Du noyau dur du métier à un contexte étendu
De manière complémentaire, le développement professionnel consisterait à augmenter
l’étendue de la situation que l’agent prend en compte pour piloter son action. Cette
variation a été particulièrement étudiée par Leplat (1997, 2000) qui observe que, dans
les systèmes complexes et continus – dont relève l’enseignement – les agents peuvent
redéfinir leur activité, notamment en manipulant les frontières du sous-système dont ils
ont la charge. Ainsi, l’agent peut se limiter à la région centrale de la tâche prescrite, au
cœur de son métier. Il peut aussi étendre son domaine de travail à la prise en compte de
la région périphérique afin d’en faciliter la réalisation. Il peut, enfin, tirer parti
d’informations et d’interactions situées dans un contexte plus lointain afin de parfaire le
diagnostic, la planification et la régulation de son activité. Menées dans le domaine des
entreprises, ces études montrent qu’un lien étroit existe entre la qualité de la tâche et la
prise en compte de son environnement : l’action est mieux comprise lorsqu’elle est
inscrite dans le système entier.
Dans les entretiens précédents, la débutante (cf. encadré 1) ne prend en compte que la
classe dans sa globalité, deux séances successives et deux types d’activités scolaires
(écrire des textes vs remplir des fiches).
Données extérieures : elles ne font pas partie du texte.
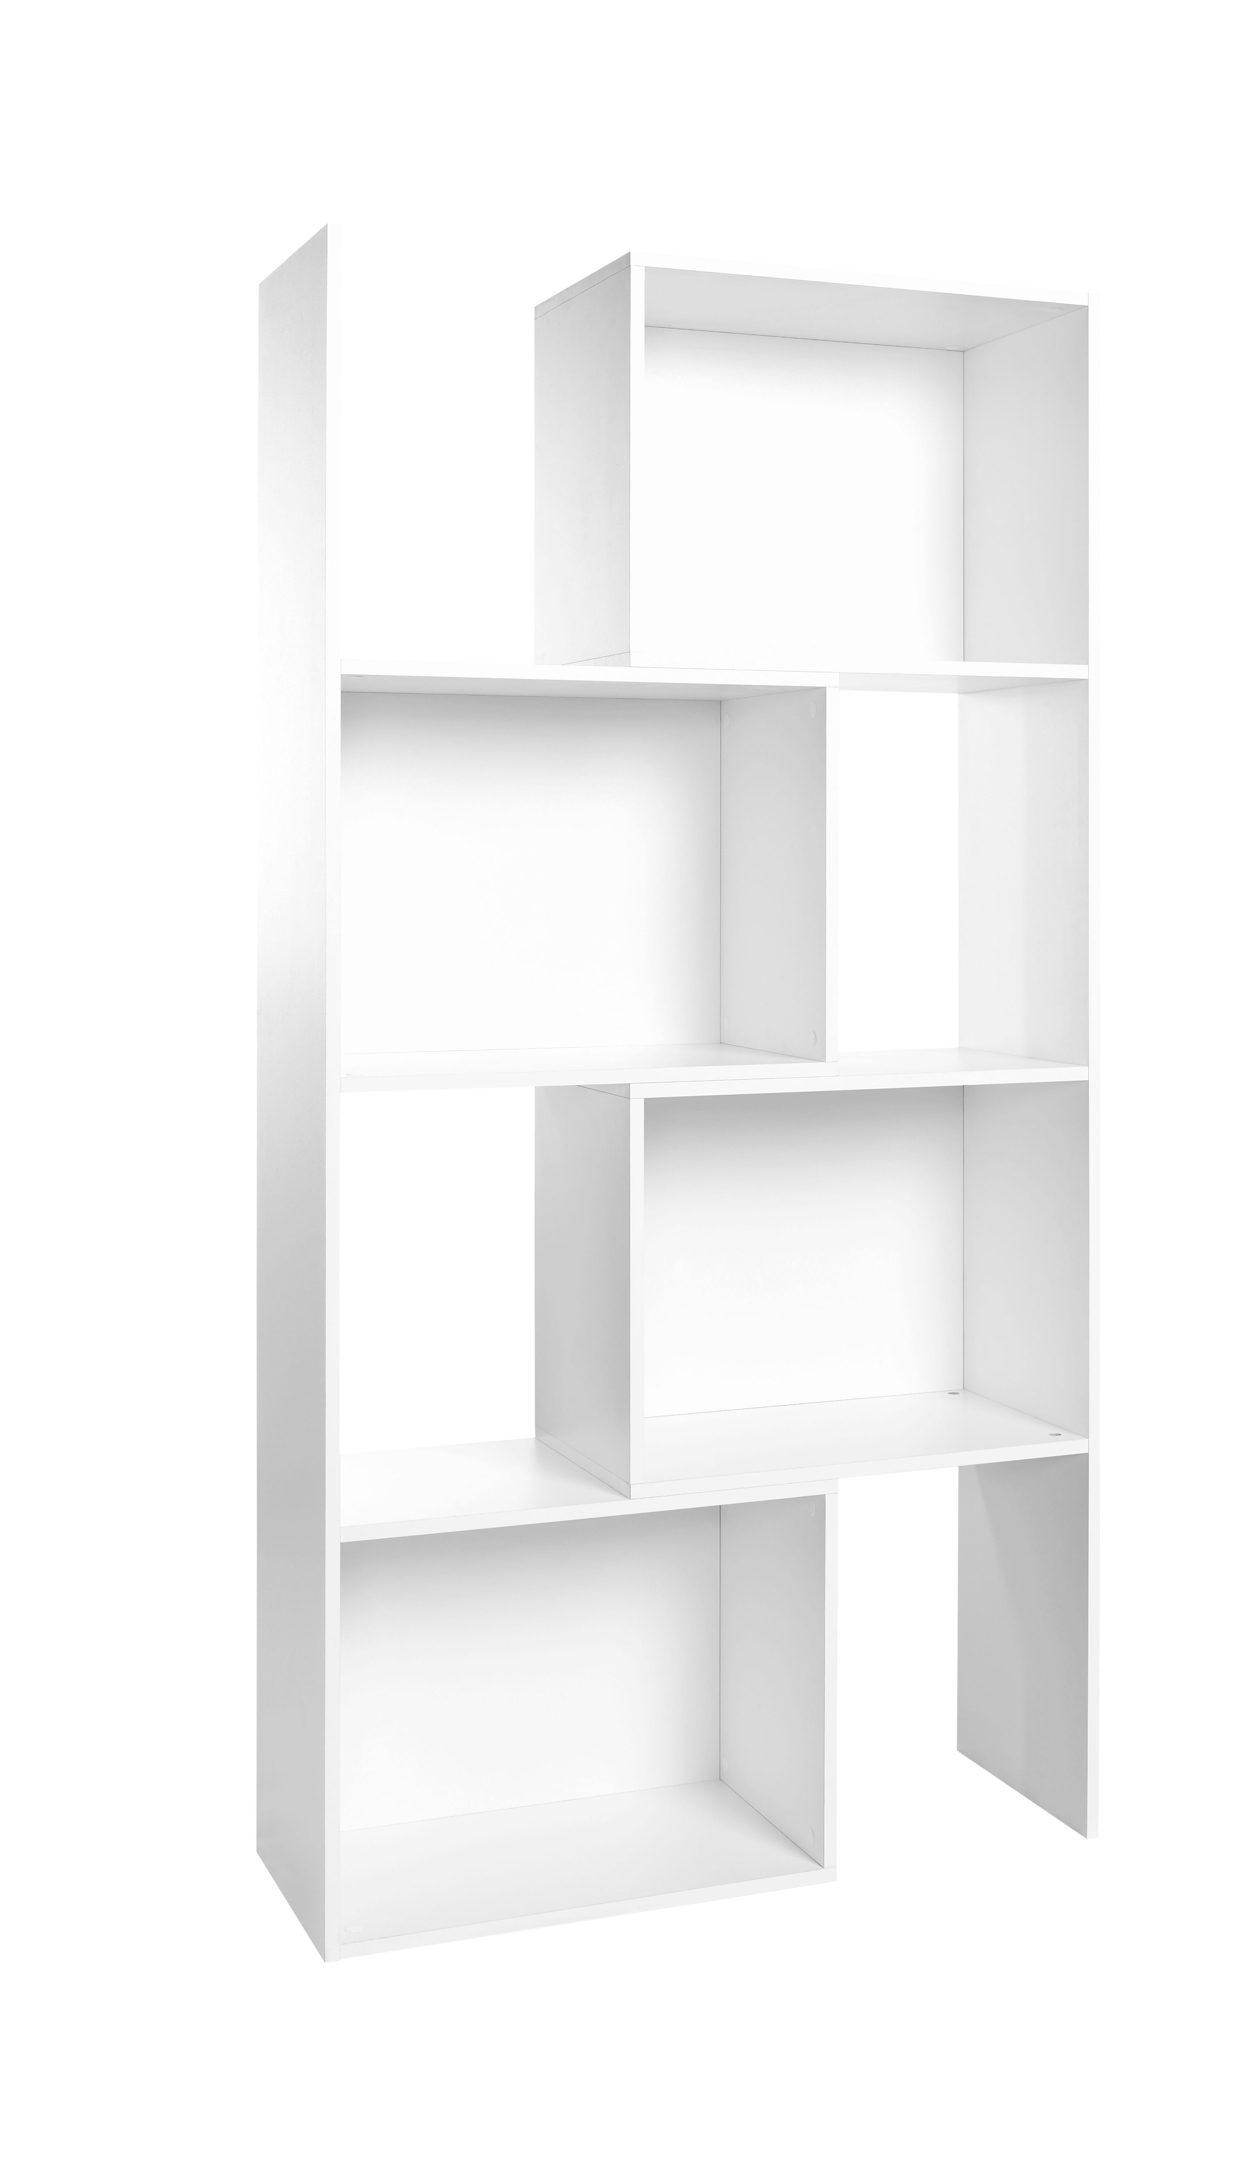 Badezimmer Regale möbel frauendorfer amberg wohnbereich badezimmer regale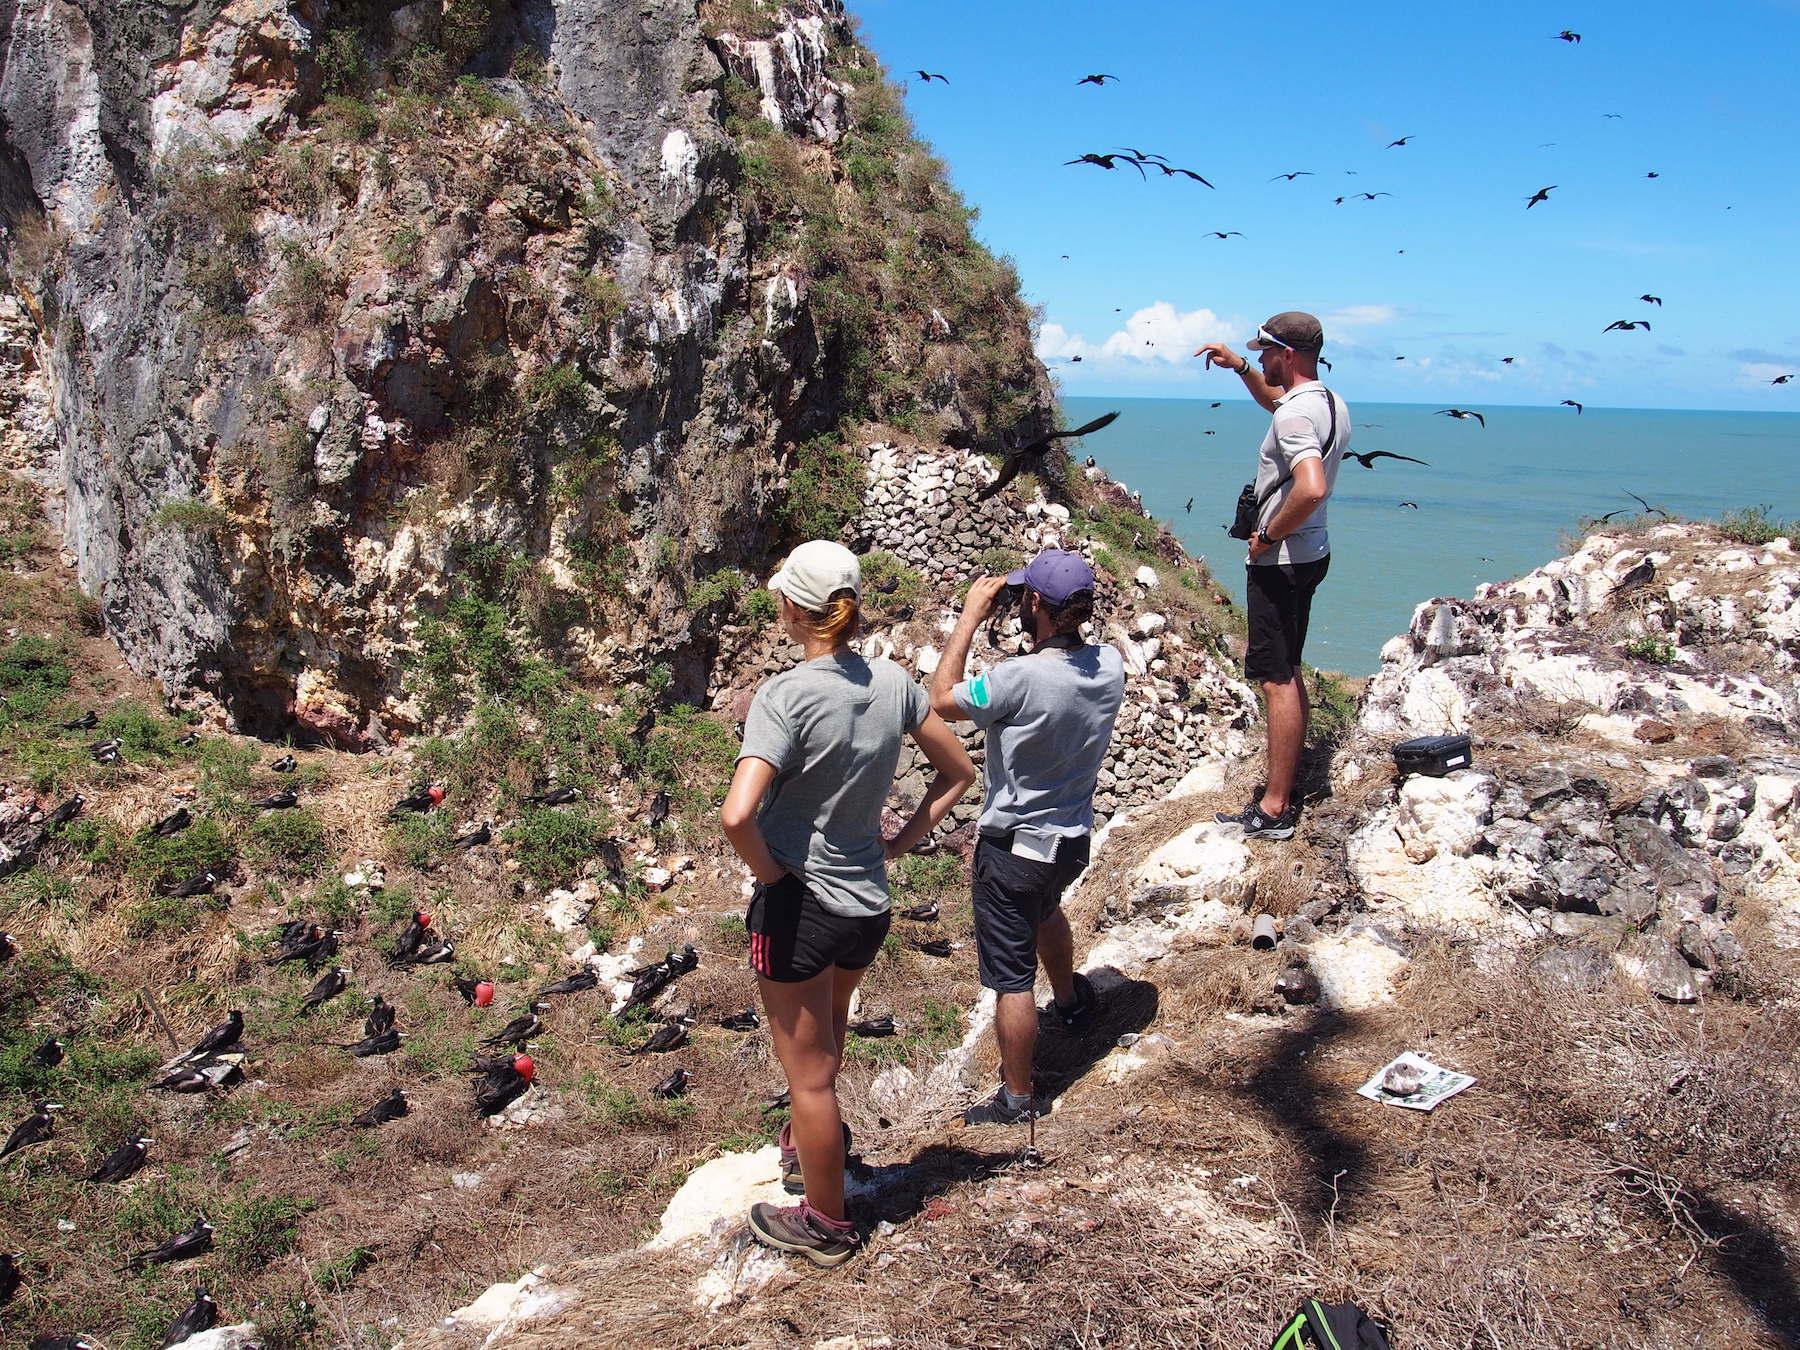 3 personnes observent des oiseaux volant au bord de la mer pour les compter

À l’inverse, les expérimentés
(cf. encadrés 2 ; 3) considèrent la classe et des apprenants singuliers, un ensemble de
séances sur une année ou sur plusieurs, voire même les collègues d’autres années ou des
partenaires en dehors de l’établissement (e.g. : la bibliothèque du quartier).
La conceptualisation, clé du développement professionnel
Cette dynamique du développement professionnel selon deux axes – distanciation de
l’action et extension du contexte – s’avère dépendre du processus de conceptualisation.
En se référant aux études de Vergnaud (1996, 2000), les chercheurs précédents
(Pastré, 1999b, 2002 ; Mayen, 2002) s’accordent à dire que dans toute activité,
l’efficacité de l’action nécessite son organisation intellectuelle, sa représentation
mentale. Ce passage de l’action à sa conceptualisation est assuré par le schème, défini
comme une unité identifiable de l’activité du sujet, qui correspond à un but particulier et
se déroule selon une temporalité repérable. Cette organisation est stable pour une classe
de situations donnée : l’action change en fonction des paramètres de la situation mais
son organisation générale reste similaire.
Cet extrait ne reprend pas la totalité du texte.